Ripple has officially withdrawn its cross-appeal with the SEC in the XRP lawsuit, marking a decisive end to one of crypto’s longest-running legal disputes.
CEO Brad Garlinghouse announced the move on June 27, 2025, stating the company will not challenge the court’s 2023 finding that XRP sales to institutional investors constituted securities transactions.
Key Developments in the XRP Lawsuit
The Ripple v. SEC case has been a landmark event for cryptocurrency regulation. Here’s a timeline of critical events:
- December 2020: SEC files lawsuit against Ripple.
- 2023: Court rules XRP sales to institutional investors are securities transactions, while retail sales on exchanges are not.
- June 26, 2025: Judge Torres denies modification of injunction, blocking negotiated settlement.
- June 27, 2025: Ripple withdraws cross-appeal, effectively ending litigation.
What This Means for XRP and Crypto Markets
- Regulatory Clarity: The 2023 ruling that XRP is not a security in retail trading remains intact.
- Institutional Restrictions: Ripple accepts limitations on institutional XRP sales.
- Financial Impact: Ripple likely faces a $102.6 million penalty.
👉 Explore how this decision impacts crypto regulations
FAQs About the Ripple-SEC Settlement
Q: Is the XRP lawsuit completely over?
A: Yes, with Ripple’s dropped appeal and the SEC expected to withdraw its appeal, no further court dates are anticipated.
Q: Does this affect retail XRP trading?
A: No. The 2023 ruling that exchange-based XRP sales aren’t securities still protects retail traders.

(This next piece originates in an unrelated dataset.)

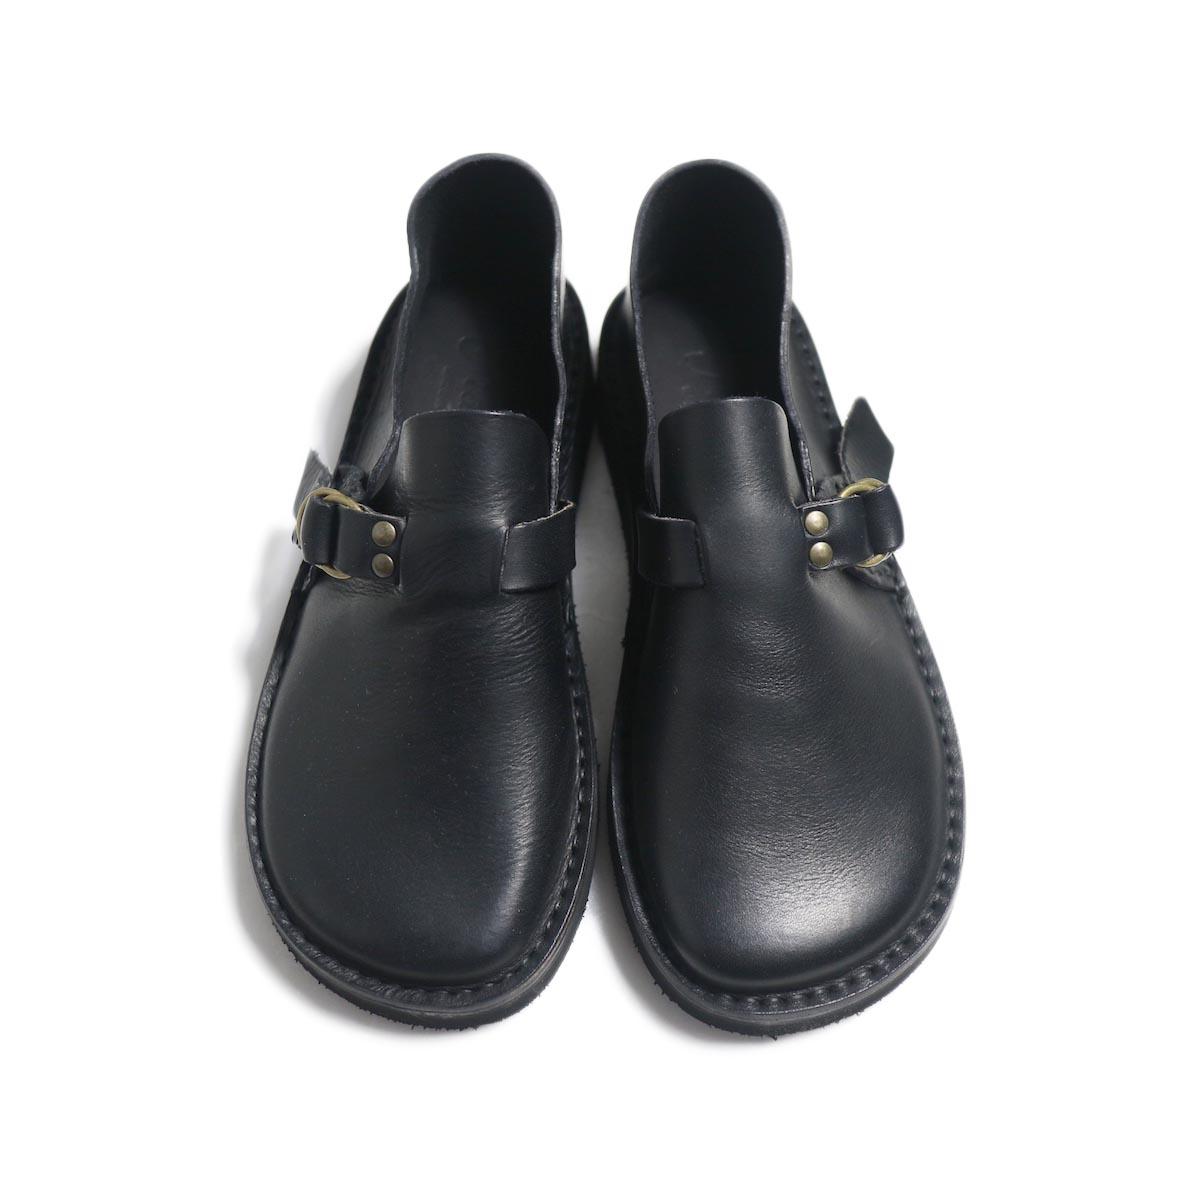 Fracap / R007 Leather Shoes -Black 正面

Q: What’s next for Ripple?
A: The company will focus on building its "Internet of Value" infrastructure, per CEO Brad Garlinghouse.
Conclusion: A Watershed Moment for Crypto Regulation
This case sets crucial precedents for:
- How securities laws apply to digital assets
- The distinction between institutional and retail crypto transactions
- The SEC’s enforcement approach
The nearly 4-year legal battle underscores the need for clear regulatory frameworks as blockchain technology evolves.